In the "Price" cell, df.schema contains columns with different ordering than the Iceberg table schema.

This should be a PyIceberg bug, the ordering of fields in the schema should not matter.

kevinjqliu commented 2 months ago

Oh btw, a workaround before the fix is merged is to reorder the schemas to match manually :) Can sort by field_id, similar to the fix

djouallah commented 2 months ago

Thanks there is another case ? what if a user want to append only a subsets of columns, in Delta table, the system will just add nulls to the missing columns, is this something that iceberg support ?

kevinjqliu commented 2 months ago

Looks like we're able to write (append/overwrite) a subset of schema, here's a PR with a test https://github.com/apache/iceberg-python/pull/704

This feature is a side effect of #523

Fokko commented 1 month ago

Hey @kevinjqliu Thanks for following up here, however, I don't think that https://github.com/apache/iceberg-python/pull/700 is the appropriate fix.

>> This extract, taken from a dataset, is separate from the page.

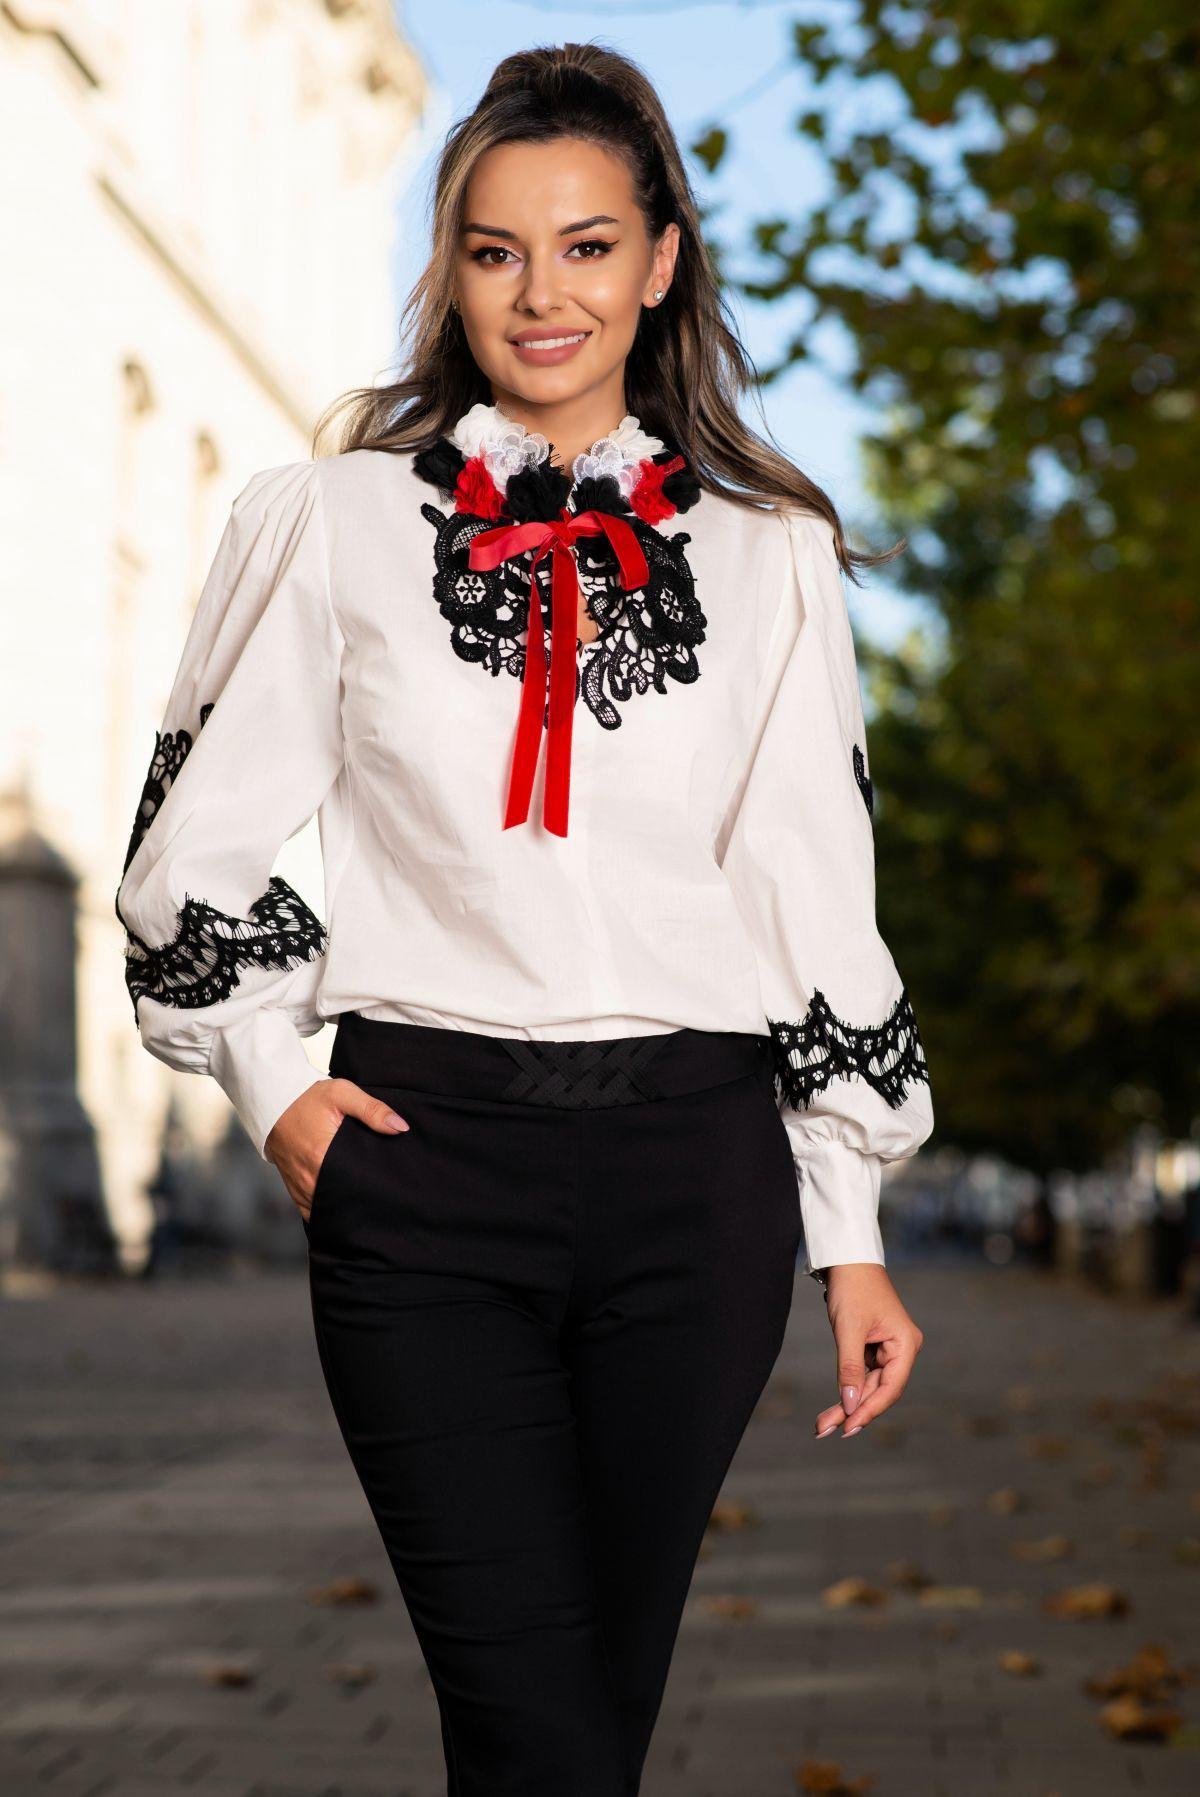 Bluza alba traditionala din bumbac cu flori 3D si broderie neagra aplicata

Instead, we should re-order the fields based on the table schema. I think we're quite close to that.

The to_requested_schema will do this for us: https://github.com/apache/iceberg-python/blob/31c6c23d428a3237589ebada2b4cd64bf37b1aef/pyiceberg/io/pyarrow.py#L1796

I think we should do two things:

WDYT?

kevinjqliu commented 2 weeks ago

@Fokko, coming back to this. I think your first comment is already addressed in #807 (thanks @syun64). Your second comment is implemented in #829. Please take a look!